Мои думы прервались щелчком засова. Спустя секунды в помещение вошел Николин. Он был на коне, чего уж греха таить. Вид вылизанный, отутюженный, с иголочки. На лице блуждала победоносная улыбка. Как удачно, как все удачно у него складывалось. И босса предать, и найти козла отпущения. Я сидела на полу, прижимая исцарапанные ноги к груди. Невидящим и заплаканным взглядом смотрела на дорогие туфли, сверкающие как для парада.
– Поднимайся, замарашка.
Настолько человек подлый, настолько и изворотливый. Уж.
Подняться удалось с трудом, ноги затекли и стали деревянными. Невесть откуда взявшиеся занозы впивались в мягкую кожу и безумно саднили, но я уверенно шла вперед. Что меня там ждало? В худшем кошмаре не могла себе вообразить.
Точно не такое. В небольшой гостевой стоял Арслан. Спиной ко мне, напряженный и осунувшийся. Курил. Все помещение было насквозь пропитано дымом. Он душил, рвал глотку. Каждый глоток воздуха давался с трудом. Я едва смогла различить все, что окружало меня.
– Оставь нас, – кинул Николину, но продолжал стоять. Атмосфера сгущалась, давила на меня, я все понимала уже. Все. Достаточно было увидеть его, один взгляд, и все встало на свои места. Он поверил. Но я не сдавалась.
– Арслан, послушай, я слышала, как он говорил по телефону, они искали что-то, потом… – в моем голосе плескалось отчаяние. Я до ломоты в теле хотела мужчине только добра, но факт в том, что у меня не было ни одного доказательства в том, что я права, а лжет именно Николин. Ни одного.
– Рот закрой, – приглушенно, но с такой ненавистью в голосе прошептал, что меня отшатнуло. Рашидов так и стоял спиной ко мне, продолжая глотать едкий дым. Гробить свой организм и спаливать легкие.
– Послушай меня, они что-то взяли у тебя и хотят проверить, и еще они думают убить тебя, пожалуйста…
– В моем кабинете стоят камеры. Ты думаешь, я настолько тупой, что не смог проверить слова Николина? Правда? Я все видел. Пусть ты и спрятала телефон…увиденного достаточно, – Рашидов развернулся ко мне, и я увидела наконец-то глаза. Мертвые. Неживые. Не те, что раньше смотрели на меня с вожделением, обожанием. Сейчас они были полны ненависти, ничем не прикрытой злобы.

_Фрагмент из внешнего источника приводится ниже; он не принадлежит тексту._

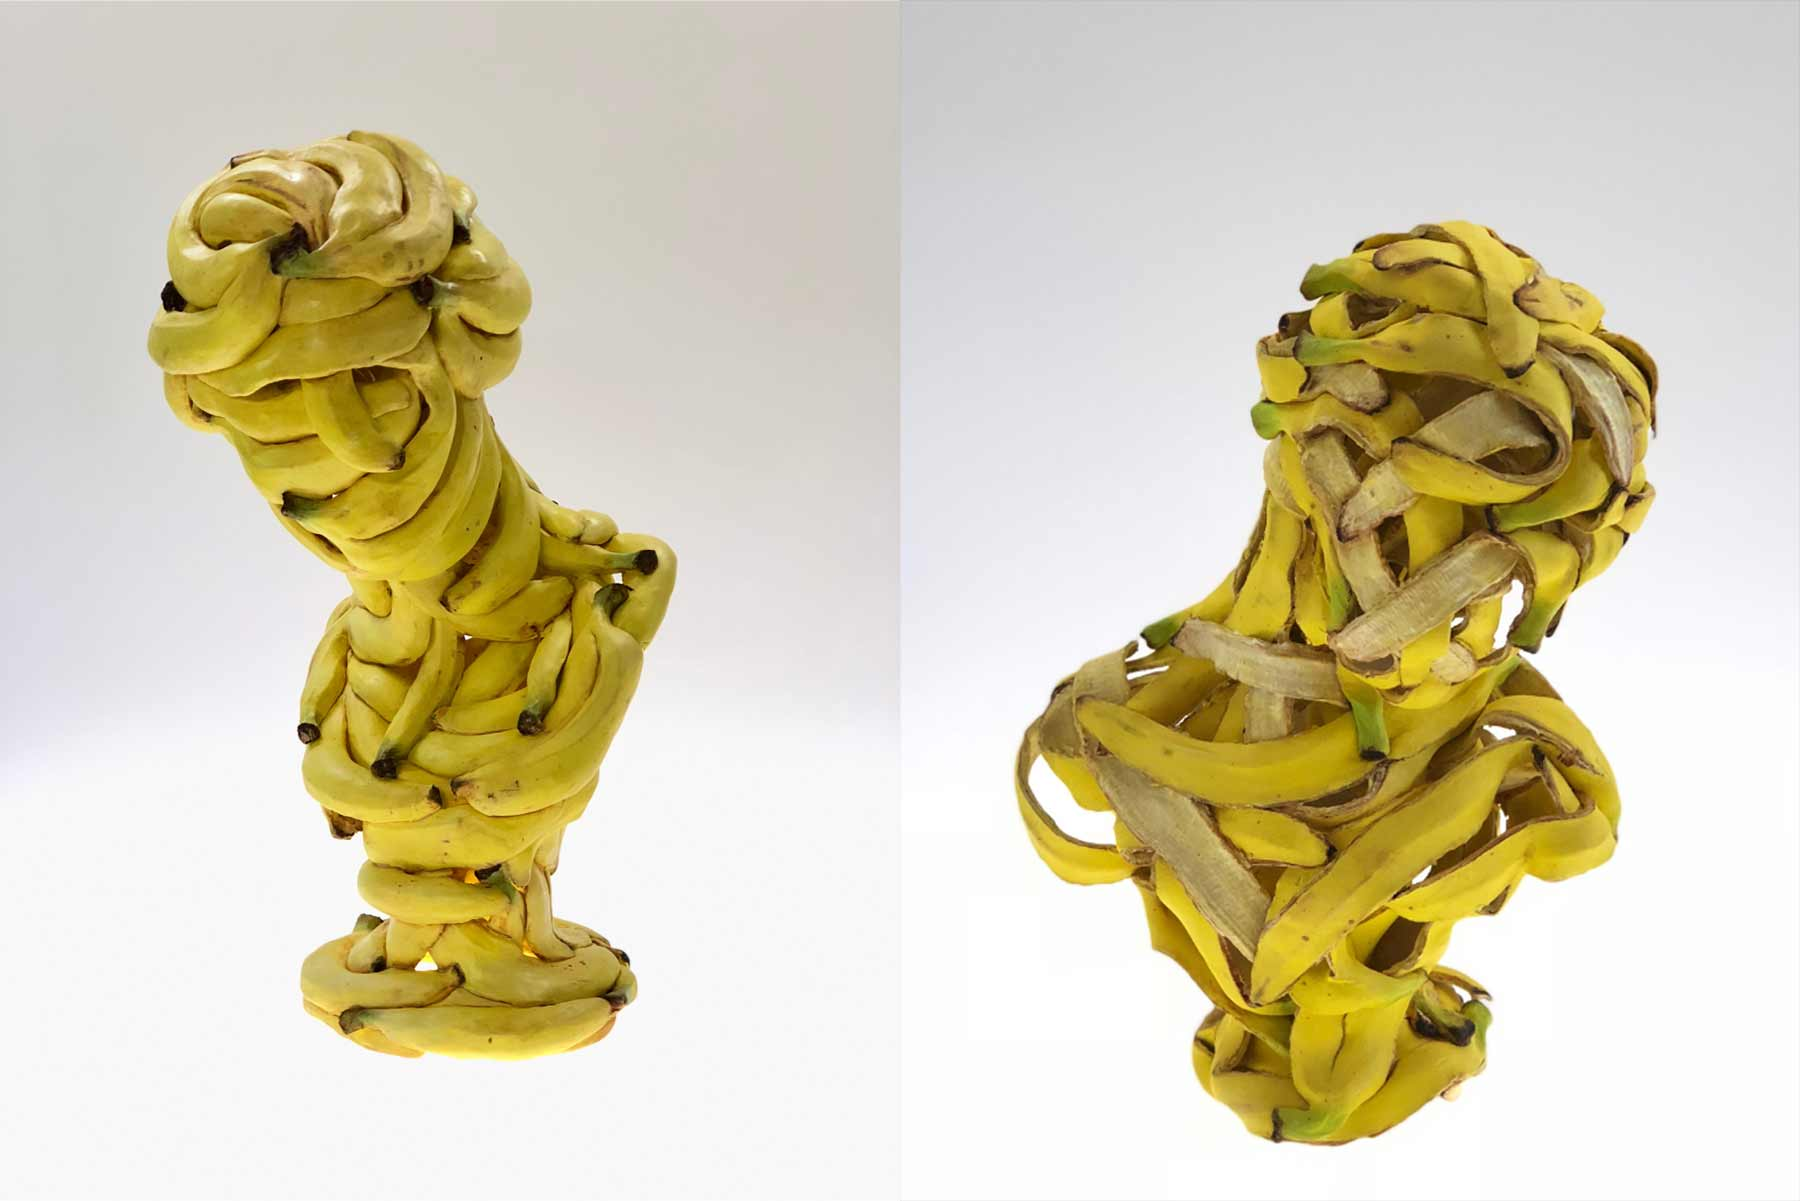 Bananen-Skulpturen von Koji Kasatani
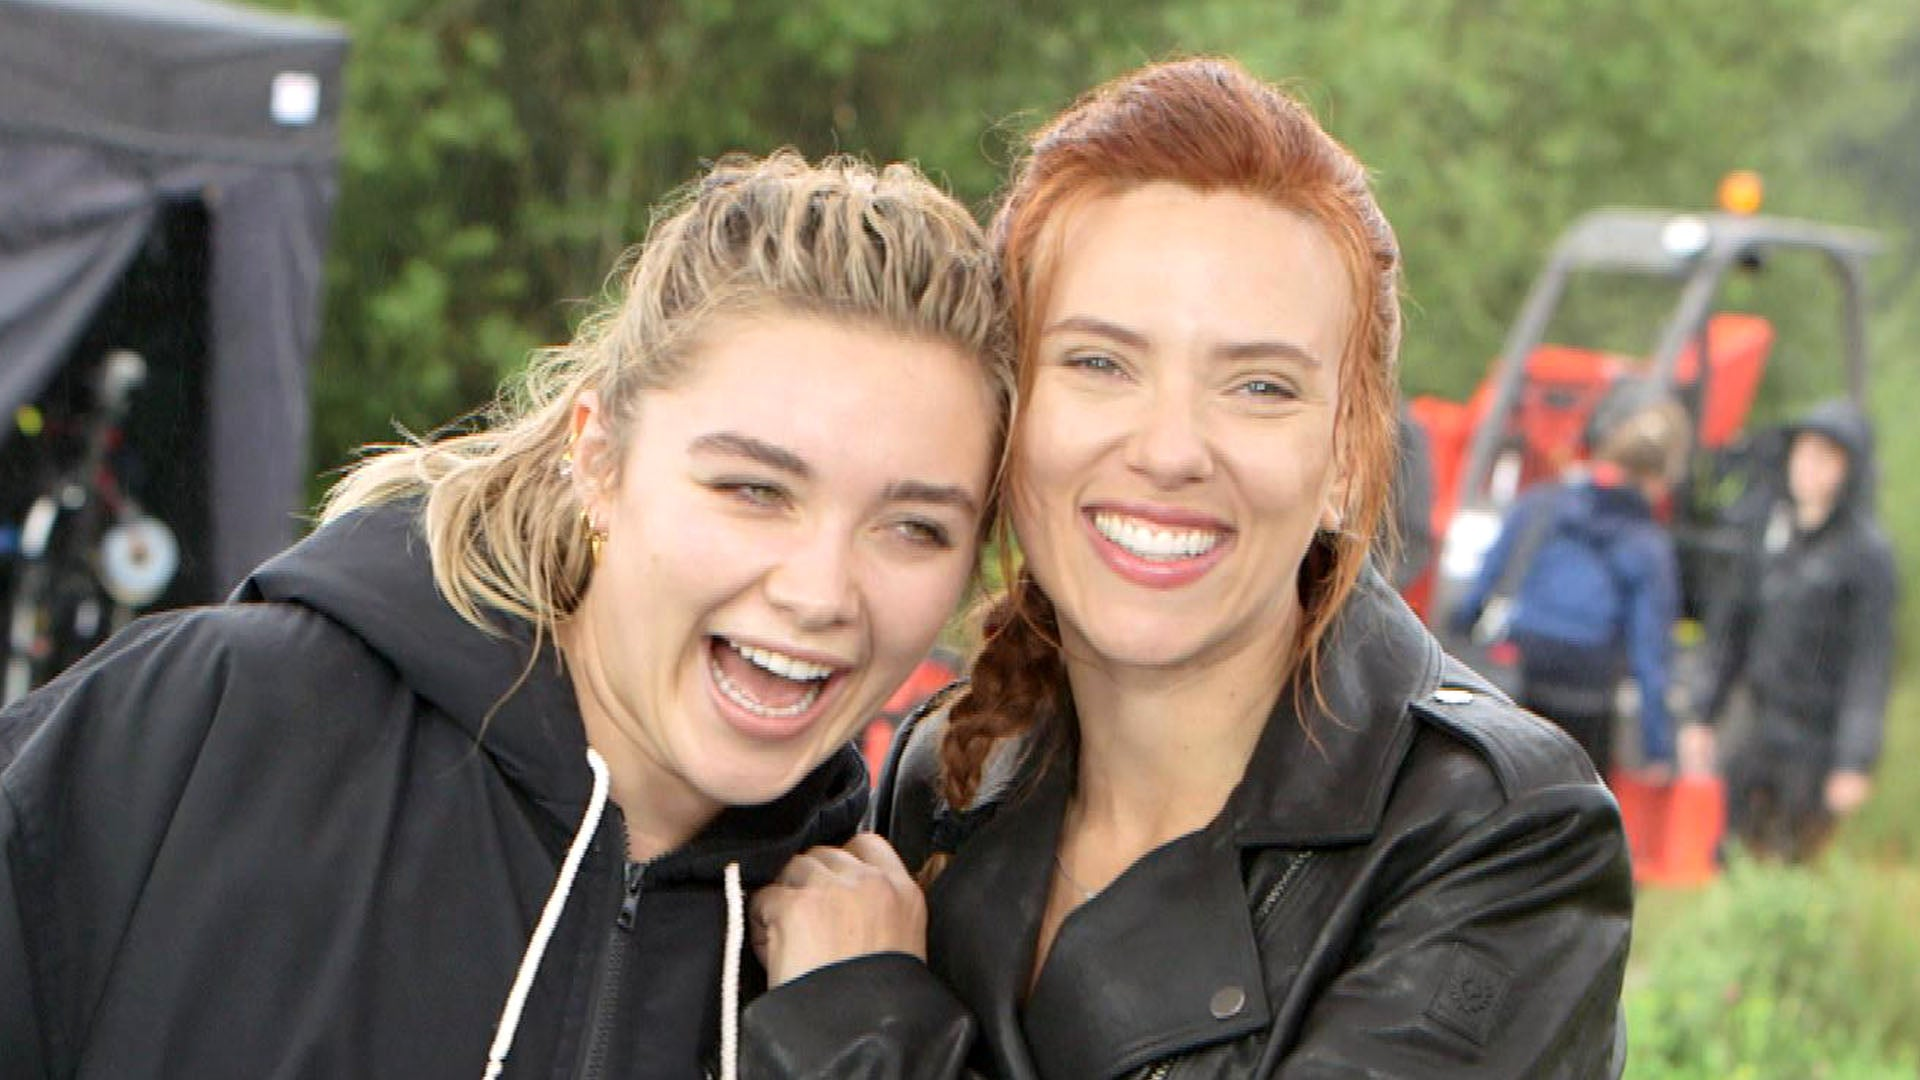 Scarlett Johansson and Florence Pugh Black Widow cast

– Это не так, – я мотала головой и беззвучно рыдала, а он приближался ко мне. Каждый шаг отдавался болью. Мурашки по коже прошлись табуном. Это страх перед неизбежным.
Я жадно осматривала его мощное тело, впитывала в себя, как будто в последний раз. Поднялась к глазам и распалась на части. Снова. Вблизи иначе, вблизи совсем не так бьет ненавистью. Вблизи разочарование сокрушает обухом по голове.
Это ведь и правда мог быть мой последний раз, он не прощает предателей. Он не дает вторых шансов. Надя, он тебя убьет.
– Я никогда не позволял себя вольностей с женщинами. Знаешь почему?
Я отходила назад. Сантиметр назад, а на деле километры, пропасть ширилась между нами черной бездной.
Шажок назад.
Все дальше и дальше, несмотря на то, что впереди на меня наступало чудовище. Сейчас я понимала четко только одну вещь – мы закончились. А может никогда по-настоящему и не начинались, не были.
Меня пугало не физическое насилие, потому что такое я переживала много раз, не даже то, чем кажется ситуация, не то, что расставались, меня пугала лишь полная неспособность донести ему правду. И то, что в конечном итоге я не смогу жить на земле, зная, что он не поверил мне и погиб, собственно, из-за меня.
Боль в груди становилась невыносимой. Мне все больше и больше хотелось кричать о том, что я права. Что он должен мне поверить, но один лишь взгляд в лицо мужчине говорил о бесполезности.
– Он хочет убить тебя. Он не твой друг, – прошептала в грудь, ведь теперь мужчина прижимался ко мне всем телом. Но сейчас это было не про любовь, жажду близости, сейчас это было про боль. Голос ломался.
– Я никогда не позволял женщинам занимать хоть какое-то место в моей жизни потому, что они все до одной прожженные бляди. Их можно трахать, иногда даже очень комфортно и приятно, но не больше, – прошептал на ухо. Лучше бы он меня просто ударил. Убил. Чем резал своими острыми словами.
Мы говорили на разных языках.
– Я не имею никакого отношения к этому всему, я просто случайный человек, – продолжала лепетать и смотреть в напряженный подбородок. Мне не хватало сил удерживать ненавистный взгляд мужчины. Не хватало.
Он схватил меня за подбородок и выдал жестко:
– Как оказалось, тебя тоже можно только трахать, – волны ненависти обожгли меня, я зажмурилась, прикусывая губу. Дорожки слез плавно катились по щекам.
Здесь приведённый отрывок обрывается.